Para alguns especialistas, já em 50 a. C. Júlio César utilizava técnicas rudimentares de Relações Públicas, ao divulgar as suas conquistas militares através de uma publicação.

No século XVII, a Igreja Católica cunhou o termo «propaganda», que viria, no século XX, a adquirir uma conotação negativa.

Na política, o primeiro Presidente a utilizar o termo «Relações Públicas» foi Thomas Jefferson.

O terceiro Presidente dos Estados Unidos (1801-1809), e o principal autor da declaração de independência (1776) daquele país utilizou o termo numa comunicação ao Congresso, em 1807.

As “Fireside chats” de Roosevelt, já em 1933, também são consideradas uma forma de inovação na comunicação política.

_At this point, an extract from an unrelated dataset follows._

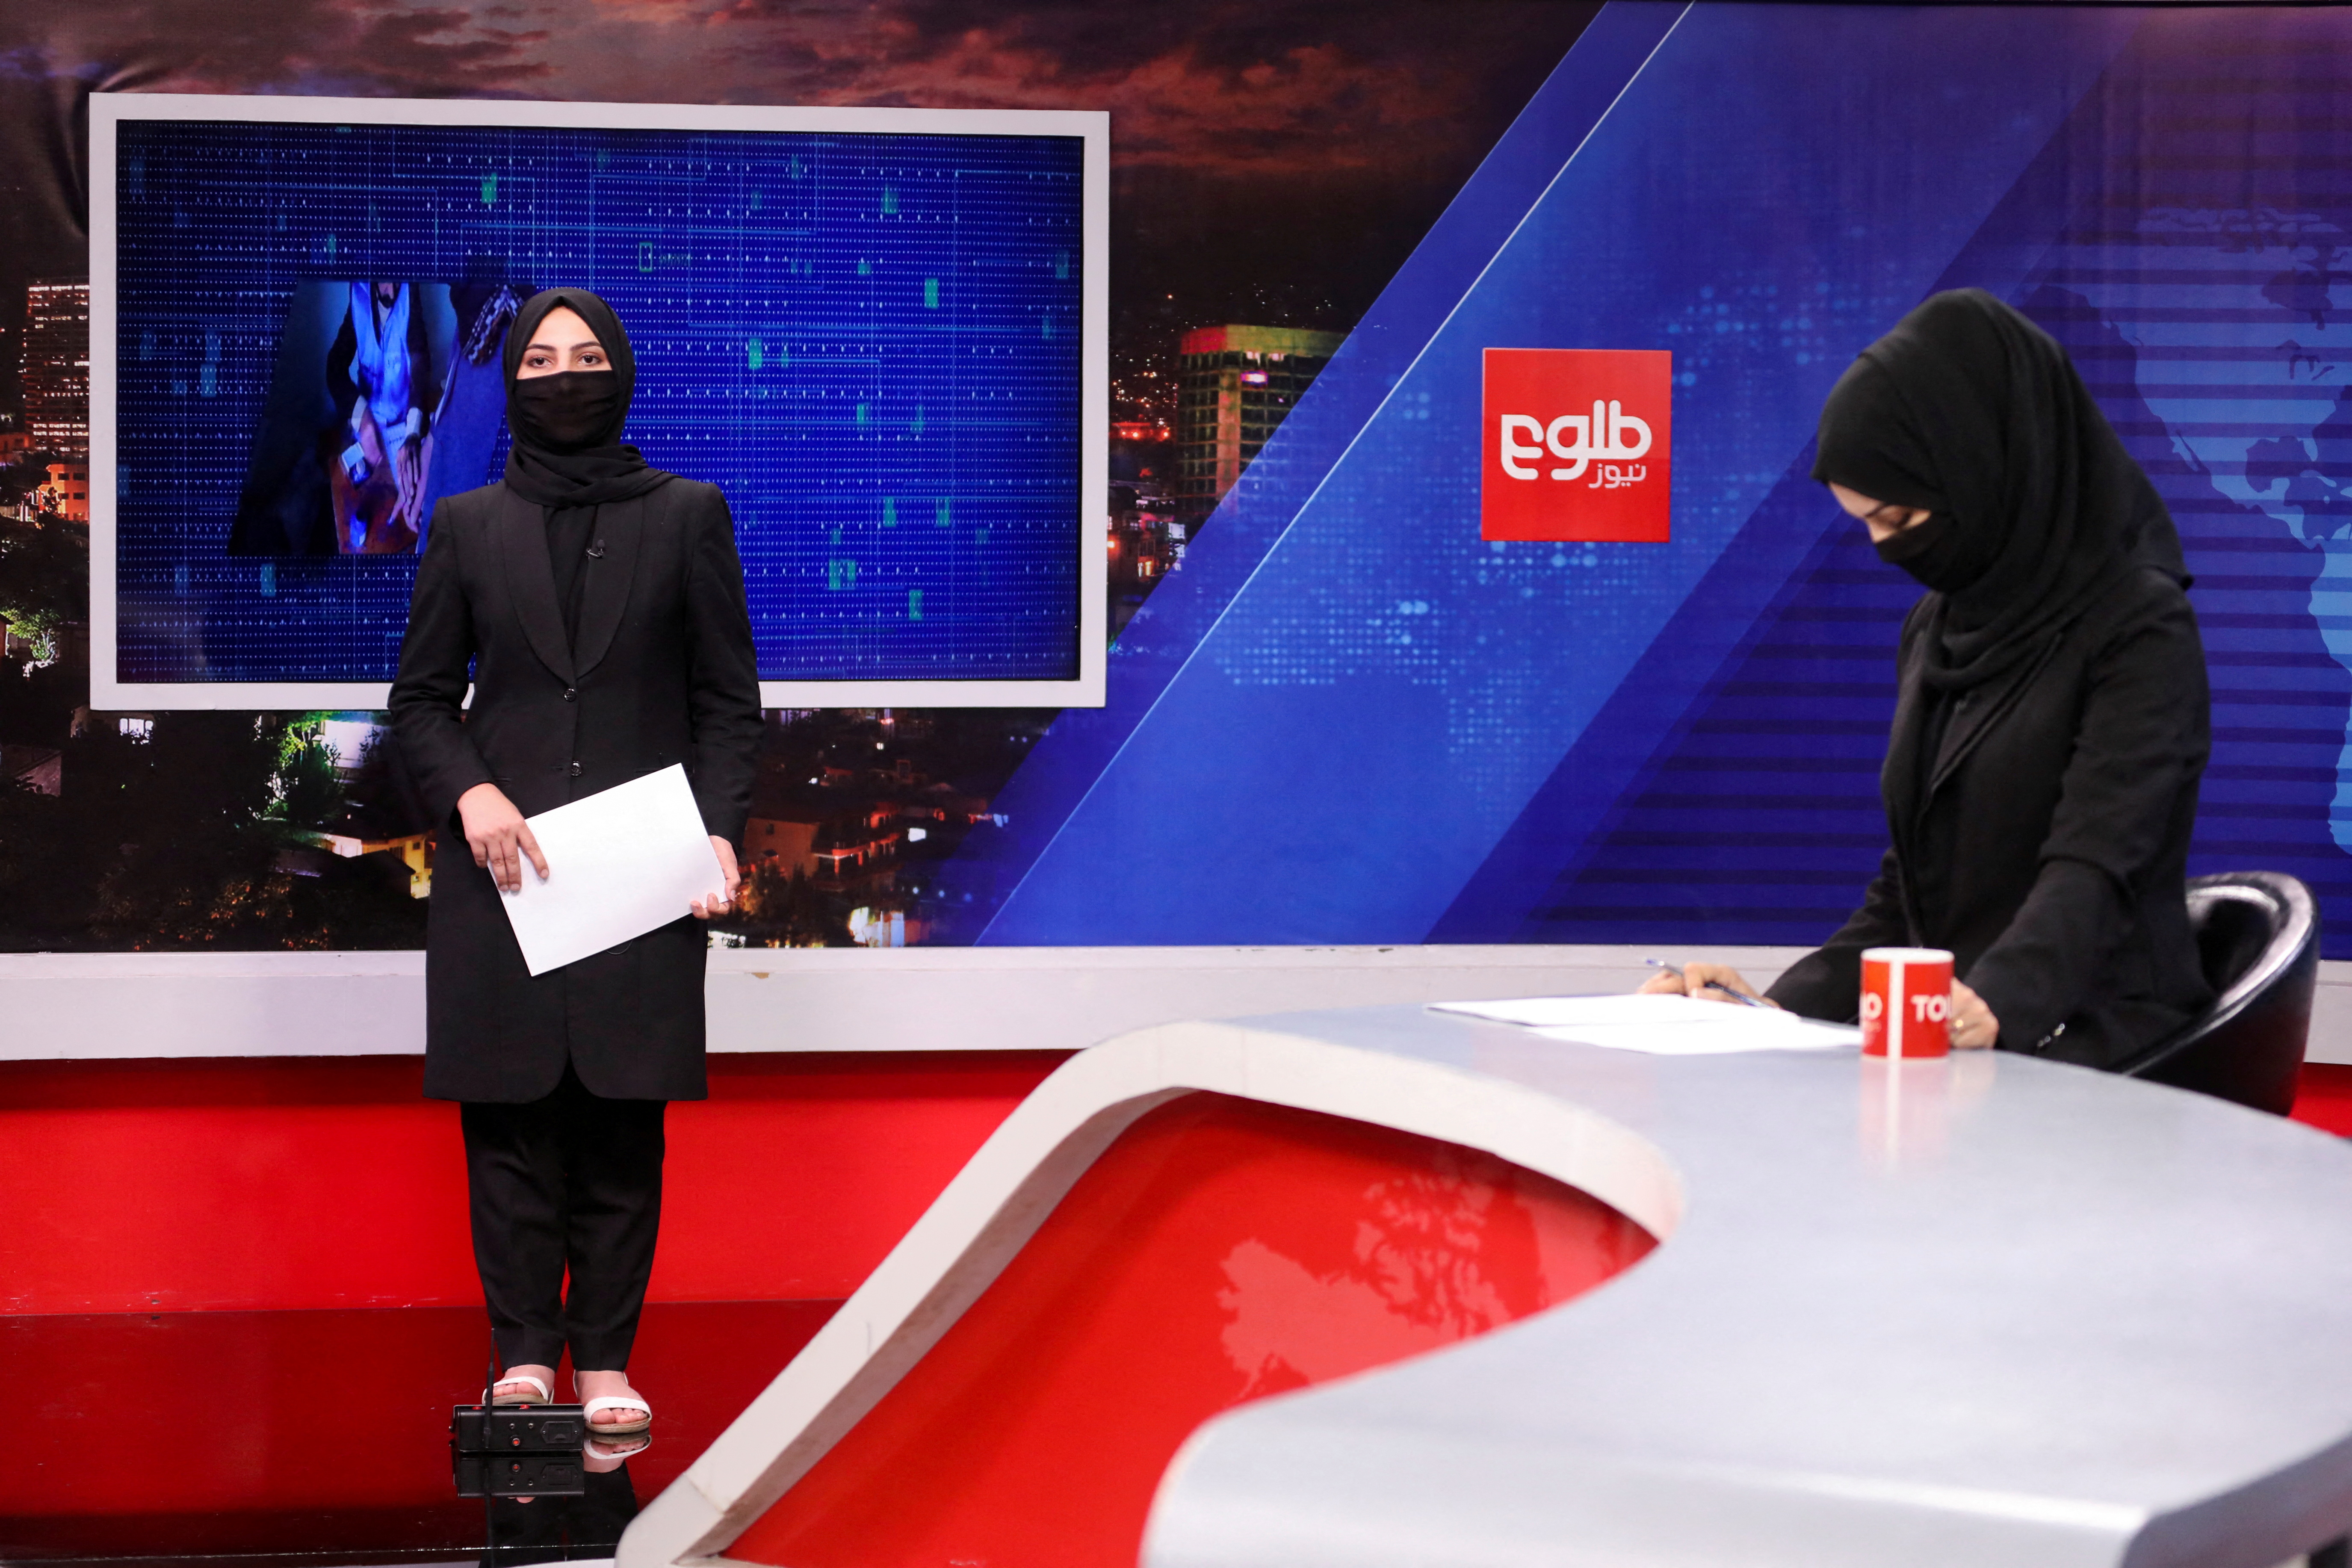 Female presenters for Tolo News, Sonia Niazi and Khatereh Ahmadi, while covering their face, work in a newsroom at Tolo TV station in Kabul

O Presidente dirigia-se aos norte-americanos através da rádio, num tom informal e tranquilizador, que contrastava com as abordagens mais distantes e institucionalizadas de outros líderes.

Mas nem só de sucessos se fez a história das Relações Públicas.

A desconfiança sobre as técnicas empregues na comunicação mediática é antiga e, em alguns casos, justificada.

“The Greatest Show on Earth” [«O Maior Espetáculo do Planeta»]. Era assim que P. T. Barnum anunciava o seu circo ambulante, o mais popular do século XIX.

E foi na arena do Barnum & Bailey Circus que começaram a ser empregues algumas das técnicas que escreveram o nome de Barnum na história das Relações Públicas, não pelos melhores motivos.

Barnum escolhia nomes curtos para as suas atrações, de forma a que coubessem nas manchetes; organizava eventos mediáticos - como o casamento entre «o homem mais alto» e «a mulher mais gorda» do mundo - e escrevia cartas falsas para os editores, tudo de forma a gerar atenção mediática.

O objetivo?

Criar publicidade para o Barnum & Bailey Circus.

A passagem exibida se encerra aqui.